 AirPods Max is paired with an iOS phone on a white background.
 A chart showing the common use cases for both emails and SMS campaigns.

--

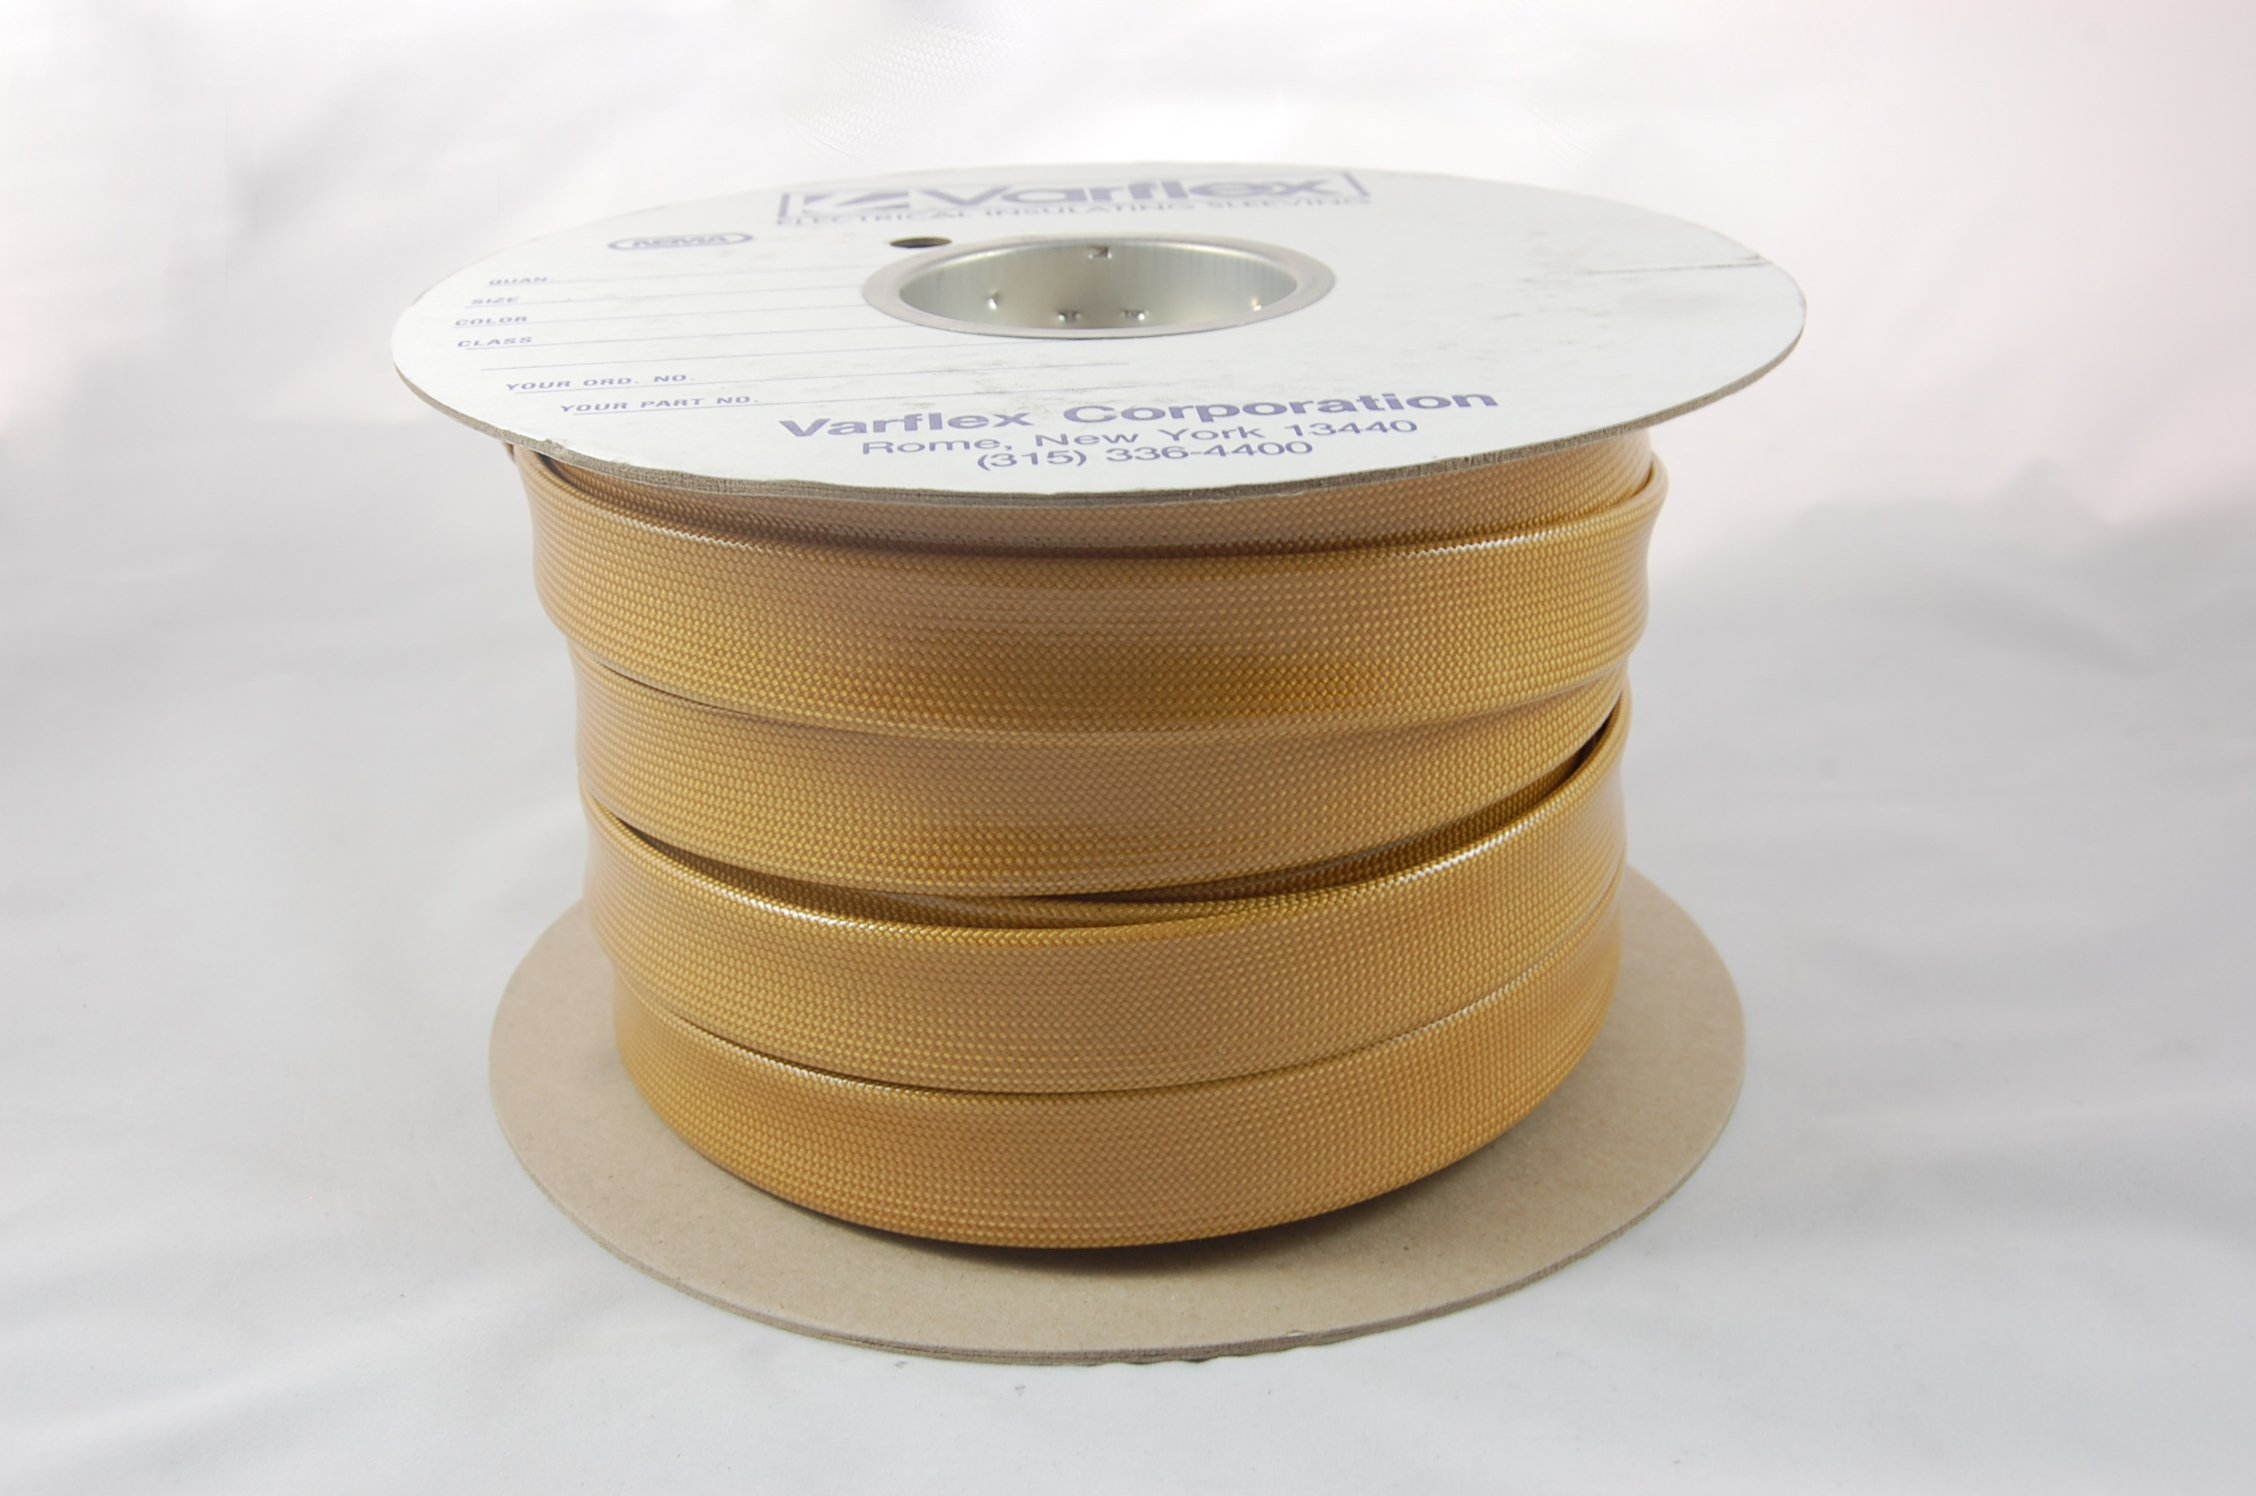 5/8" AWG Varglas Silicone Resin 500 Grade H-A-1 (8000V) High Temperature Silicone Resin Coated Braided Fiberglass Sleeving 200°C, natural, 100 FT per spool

...

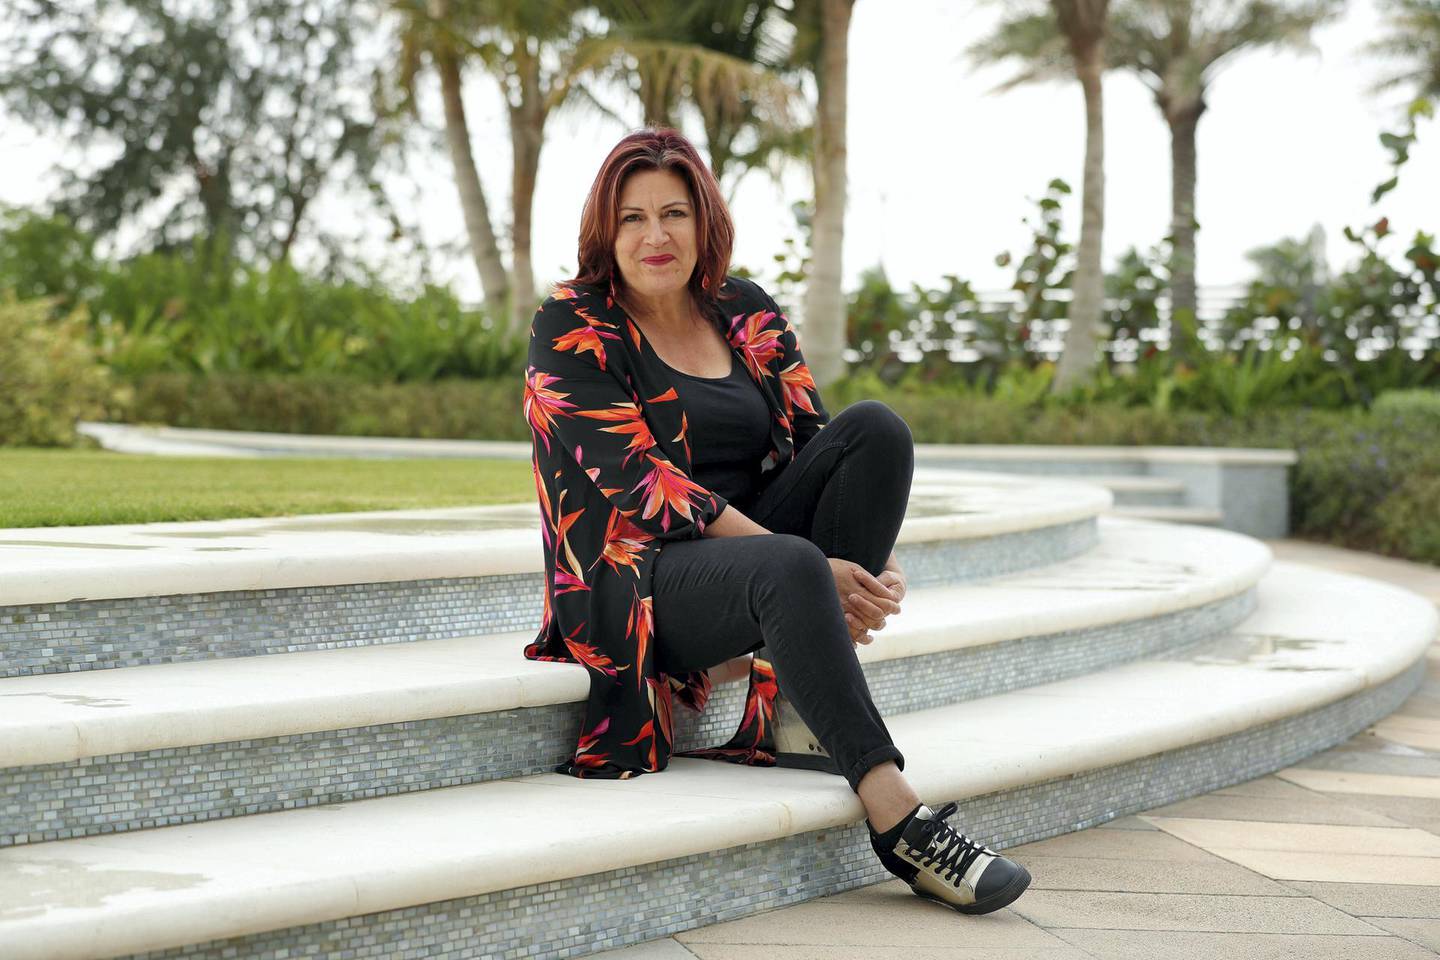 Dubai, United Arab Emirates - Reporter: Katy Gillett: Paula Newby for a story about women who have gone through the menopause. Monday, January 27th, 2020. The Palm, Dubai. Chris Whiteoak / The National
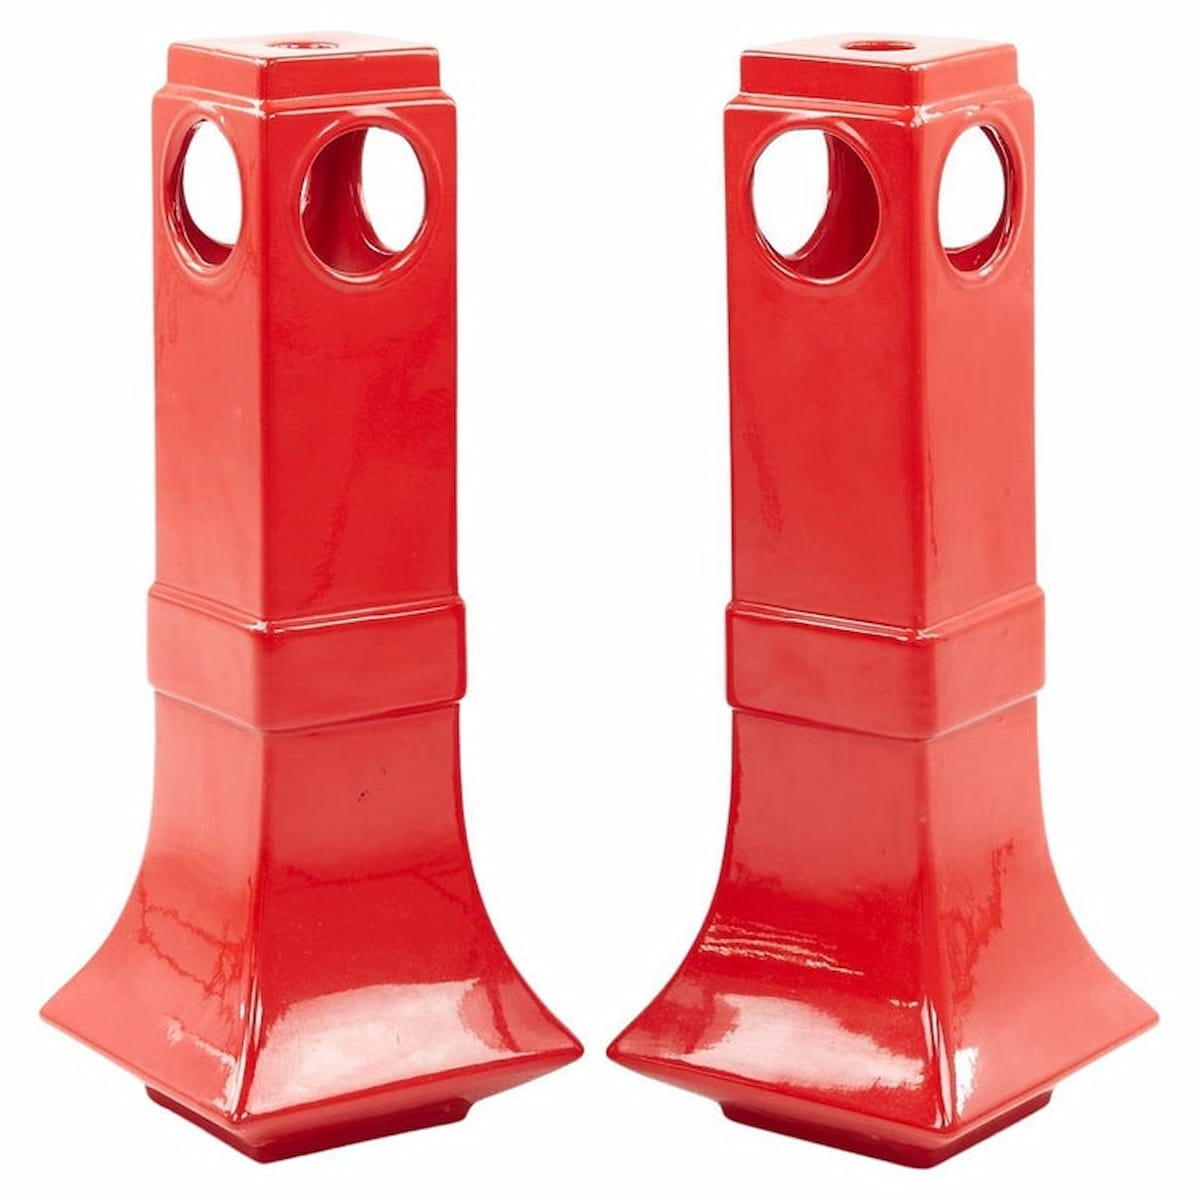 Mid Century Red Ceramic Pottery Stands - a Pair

• _Assignment_
Using the data above, copy exactly the lines from the one containing "Dubai, United Arab" to the one containing "Mid Century Red", inclusive. Exclude the pictures.

• _Task result_
 Dubai, United Arab Emirates - Reporter: Katy Gillett: Paula Newby for a story about women who have gone through the menopause. Monday, January 27th, 2020. The Palm, Dubai. Chris Whiteoak / The National
 Mid Century Red Ceramic Pottery Stands - a Pair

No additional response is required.